SparseMLASm120Metadata dataclass

Bases: AttentionMetadata

Attention metadata for SPARSE_MLA_SM120 backend.

Source code in vllm/v1/attention/backends/mla/sparse_mla_sm120.py
@dataclass
class SparseMLASm120Metadata(AttentionMetadata):
    """Attention metadata for SPARSE_MLA_SM120 backend."""

    num_reqs: int
    max_query_len: int
    max_seq_len: int
    num_actual_tokens: int

    query_start_loc: torch.Tensor
    slot_mapping: torch.Tensor
    block_table: torch.Tensor
    req_id_per_token: torch.Tensor
    seq_lens: torch.Tensor

    block_size: int = 64
    topk_tokens: int = 2048

SparseMLASm120MetadataBuilder

Bases: AttentionMetadataBuilder[SparseMLASm120Metadata]

Builder for SPARSE_MLA_SM120 attention metadata.

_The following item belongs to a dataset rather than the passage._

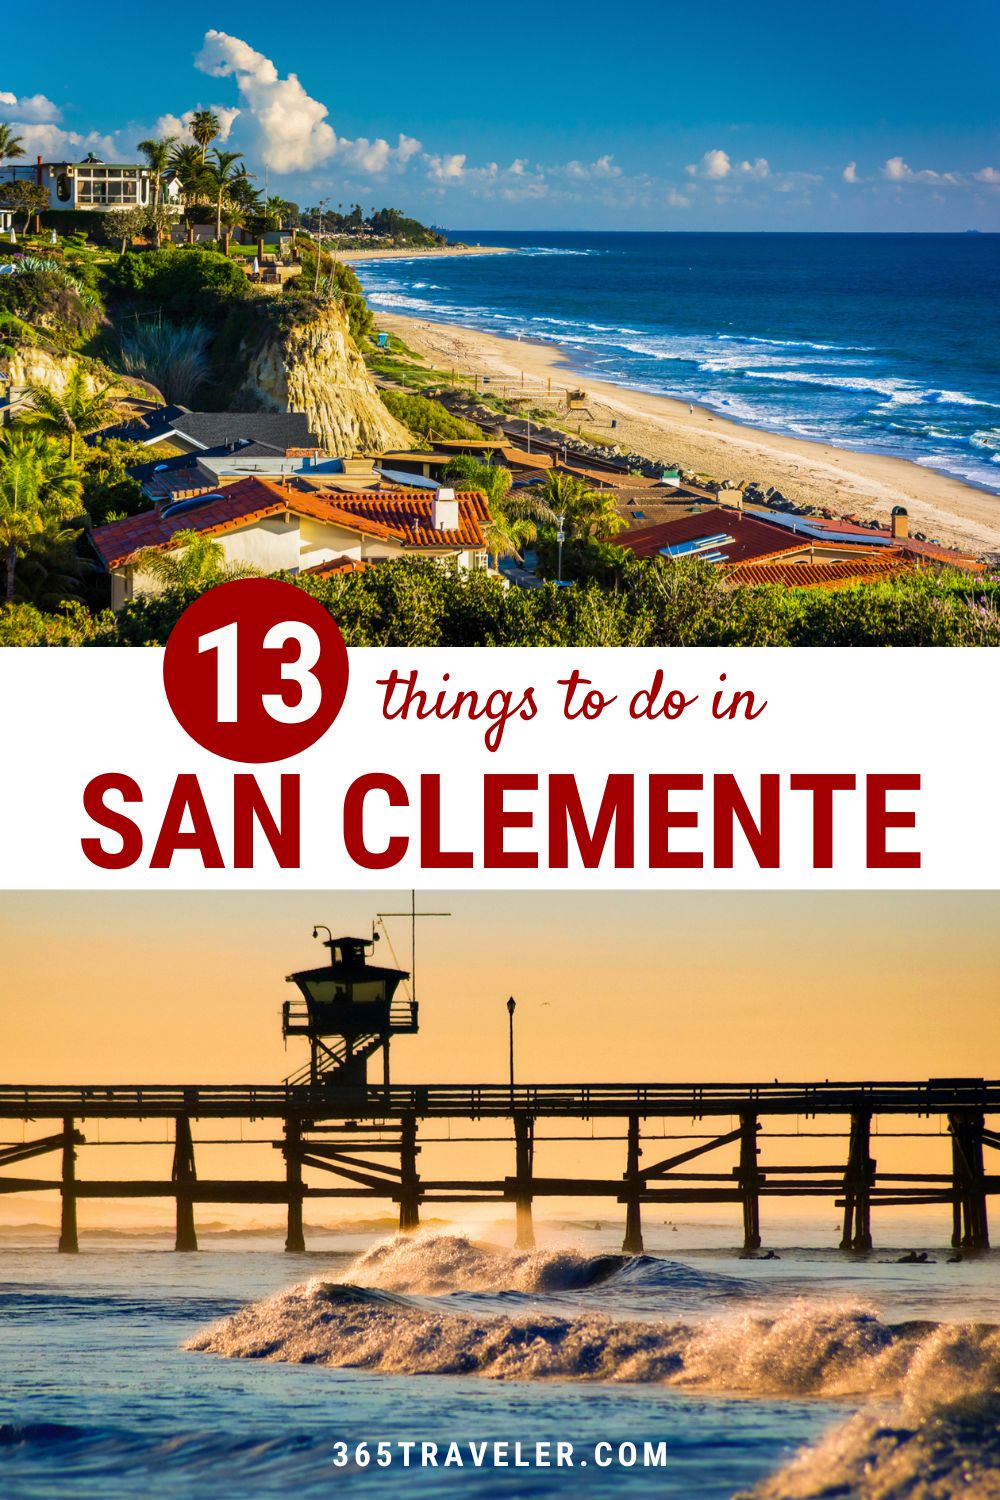 13 SPECTACULAR THINGS TO DO IN SAN CLEMENTE, CA

Source code in vllm/v1/attention/backends/mla/sparse_mla_sm120.py
class SparseMLASm120MetadataBuilder(AttentionMetadataBuilder[SparseMLASm120Metadata]):
    """Builder for SPARSE_MLA_SM120 attention metadata."""

    _cudagraph_support: ClassVar[AttentionCGSupport] = AttentionCGSupport.UNIFORM_BATCH

    def __init__(
        self,
        kv_cache_spec: AttentionSpec,
        layer_names: list[str],
        vllm_config: VllmConfig,
        device: torch.device,
    ) -> None:
        self.vllm_config = vllm_config
        self.layer_names = layer_names
        self.kv_cache_spec = kv_cache_spec
        self.model_config = vllm_config.model_config
        self.device = device

        self.mla_dims = get_mla_dims(self.model_config)
        self.topk_tokens = vllm_config.model_config.hf_config.index_topk

        # req_id_per_token: scratch buffer for build(), sized to the max
        # batched-token bound so cudagraph capture sees stable allocations.
        self.req_id_per_token_buffer = torch.empty(
            (vllm_config.scheduler_config.max_num_batched_tokens,),
            dtype=torch.int32,
            device=device,
        )

    def build(
        self,
        common_prefix_len: int,
        common_attn_metadata: CommonAttentionMetadata,
        fast_build: bool = False,
    ) -> SparseMLASm120Metadata:
        cm = common_attn_metadata
        num_tokens = cm.num_actual_tokens

        starts = np.asarray(cm.query_start_loc_cpu, dtype=np.int32)
        seg_lengths = np.diff(starts)
        req_id_per_token = np.repeat(
            np.arange(seg_lengths.shape[0], dtype=np.int32), seg_lengths
        )

        self.req_id_per_token_buffer.fill_(0)
        self.req_id_per_token_buffer[: req_id_per_token.shape[0]].copy_(
            torch.from_numpy(req_id_per_token), non_blocking=True
        )
        req_id_per_token_tensor = self.req_id_per_token_buffer[:num_tokens]

        return SparseMLASm120Metadata(
            num_reqs=cm.num_reqs,
            max_query_len=cm.max_query_len,
            max_seq_len=cm.max_seq_len,
            num_actual_tokens=cm.num_actual_tokens,
            query_start_loc=cm.query_start_loc,
            slot_mapping=cm.slot_mapping,
            block_table=cm.block_table_tensor,
            req_id_per_token=req_id_per_token_tensor,
            seq_lens=cm.seq_lens,
            block_size=self.kv_cache_spec.block_size,
            topk_tokens=self.topk_tokens,
        )